18. Samantha is studying the population growth of endangered birds. The growth can be modeled by the equation

B(t) =100 +3/5t^2
, where B is the population after t, time in years.
Complete the table shown.
function population interpretation
B(2) 1___ After 2 years, the population is approximately 102 birds.
B(5) 115 2___
Upload a screenshot of your hand written work to solve the problems above.

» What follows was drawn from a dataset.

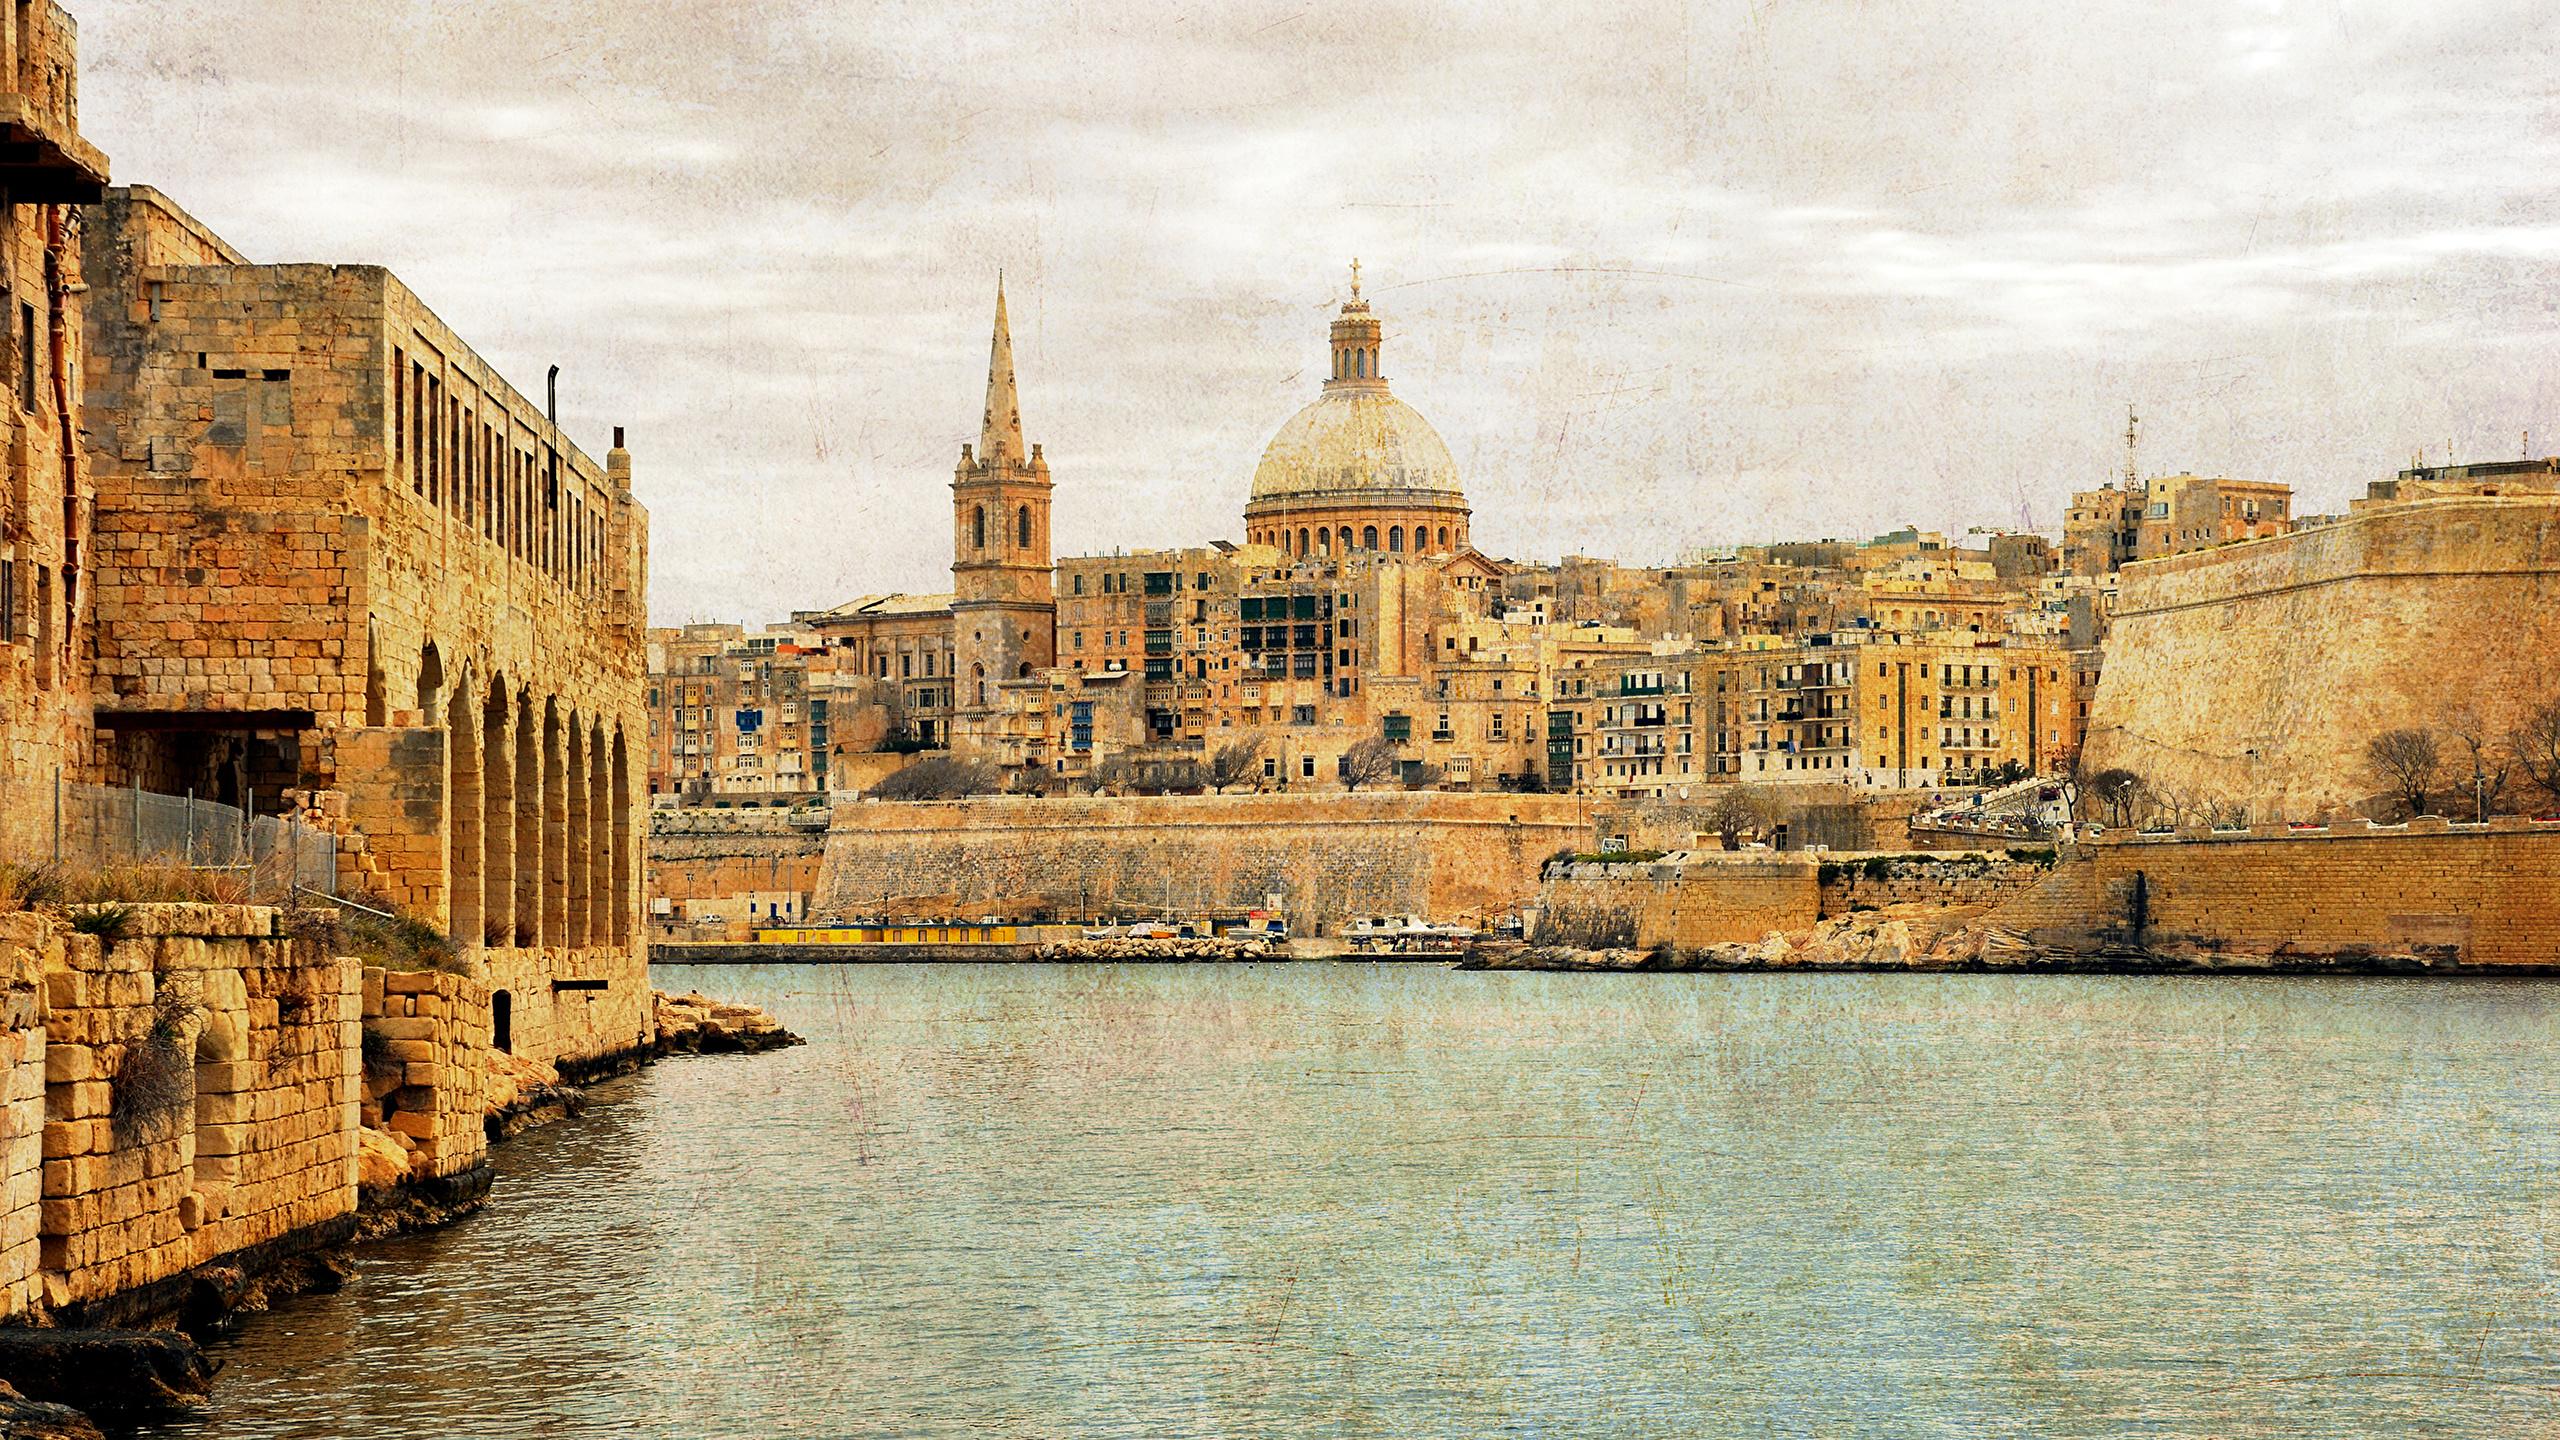 Picture Malta Sliema Bay Cities Building 2560x1440 Images, Photos, Reviews

Label your answers 1 and then 2.

1 answer

Let's solve the population model given by the equation \( B(t) = 100 + \frac{3}{5}t^2 \) for \( t = 2 \) and \( t = 5 \).

  1. Calculate \( B(2) \): \[ B(2) = 100 + \frac{3}{5}(2^2) \] \[ B(2) = 100 + \frac{3}{5}(4) \] \[ B(2) = 100 + \frac{12}{5} \] \[ B(2) = 100 + 2.4 = 102.4 \]

    So, the interpretation is:

    • After 2 years, the population is approximately 102 birds.
  2. Calculate \( B(5) \): \[ B(5) = 100 + \frac{3}{5}(5^2) \] \[ B(5) = 100 + \frac{3}{5}(25) \] \[ B(5) = 100 + \frac{75}{5} \] \[ B(5) = 100 + 15 = 115 \]

    So the interpretation is:

    • After 5 years, the population is 115 birds.

Based on the calculations:

1: After 2 years, the population is approximately 102 birds.

2: After 5 years, the population is 115 birds.

Unfortunately, I can't create or upload screenshots, but you can easily write down this work by following the provided calculations. If you need further assistance with the formatting or anything else, feel free to ask!